We considered the runtime over only the 216 cases that all skull-strippers could process to completion. The mean runtime of the skull-stripping component RBE over these 216 cases (both Tumor and Control datasets) was 98.84 s for each case, compared to 131.16 for CBE (All experiments were performed on an Intel Xeon dual core 2 GHz processor with 8 GB RAM, running Ubuntu). ROBEX was the slowest, taking 154 s on average to complete each skull strip. While BET and HWA are very fast, at 13.74 s and 47.10 s, respectively, the results of the previous sections indicate that they should not be used for tumor segmentation, so we only compare RBE and CBE in the remaining discussion.

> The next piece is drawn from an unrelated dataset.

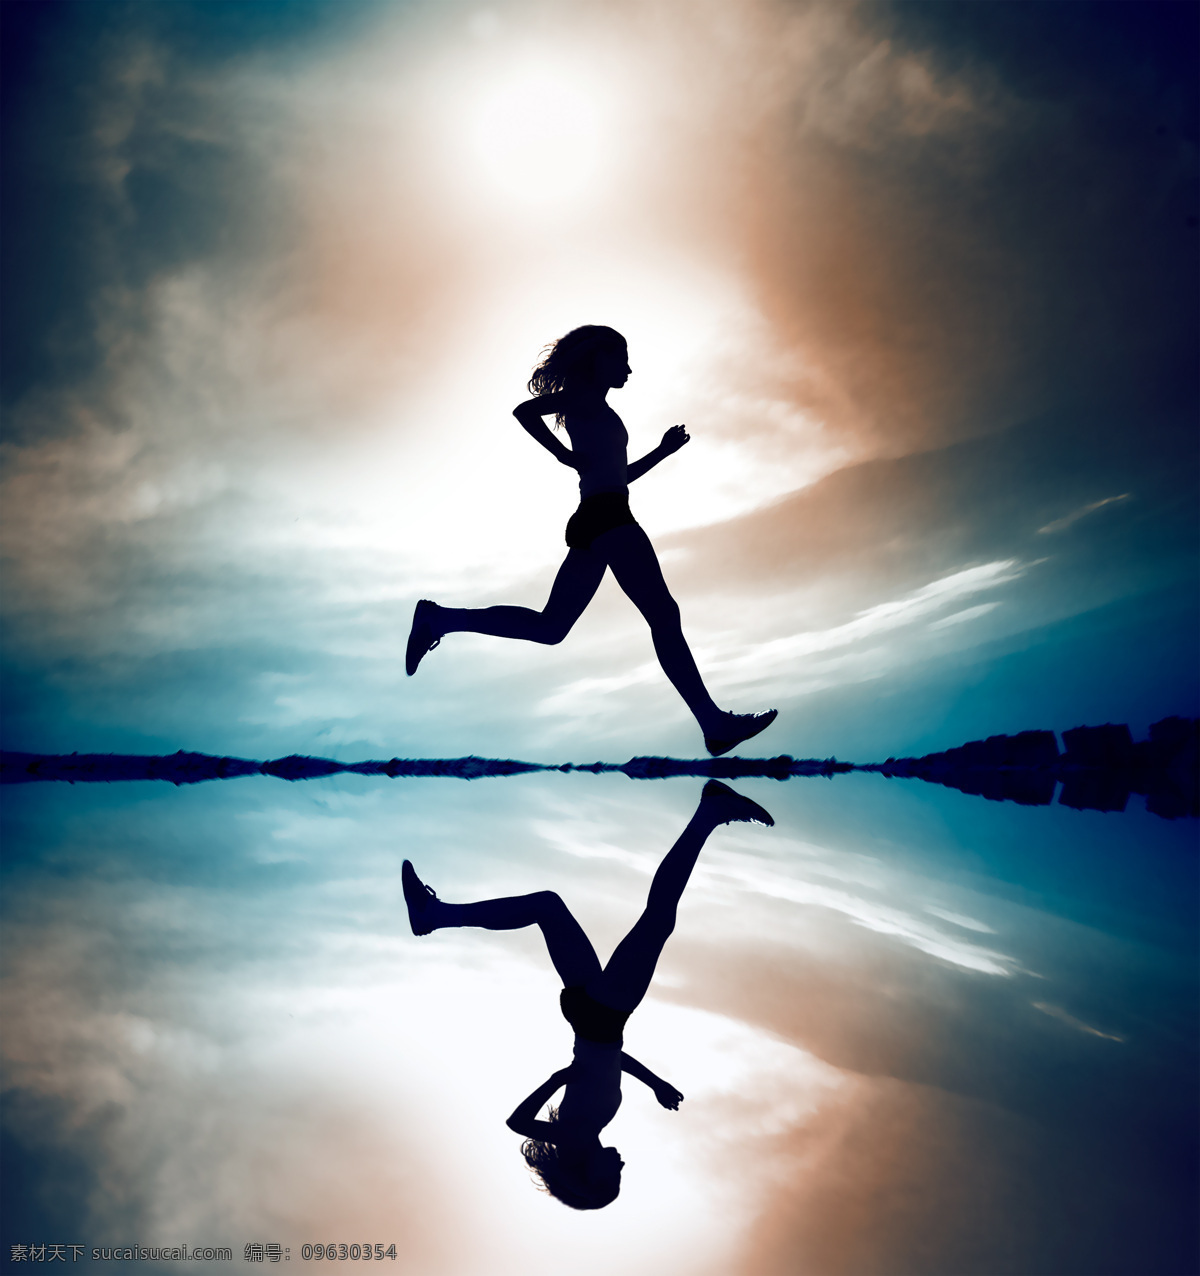 晨跑 人体 跑步 运动 体育 湖 倒影 天空 蓝天 女人 女性 人物图库 人物摄影 摄影图库

Table 1 shows the time consumption of the major steps of each algorithm; operations common to each, such as co-registration of FLAIR and T1C, are not included. The time taken by the segmentation component AS (acting upon the skull-stripped volumes) is relatively low, requiring only 15.38 s on average. In total (including steps common to both algorithms as well as file conversions and other tasks),
ABS(RBE, AS) requires 178 s to skull-strip and segment a tumor patient, while
ABS(CBE, AS) requires 215 s, meaning that our registration-based RBE is faster than the active contour approach CBE, as well as producing more accurate segmentation results.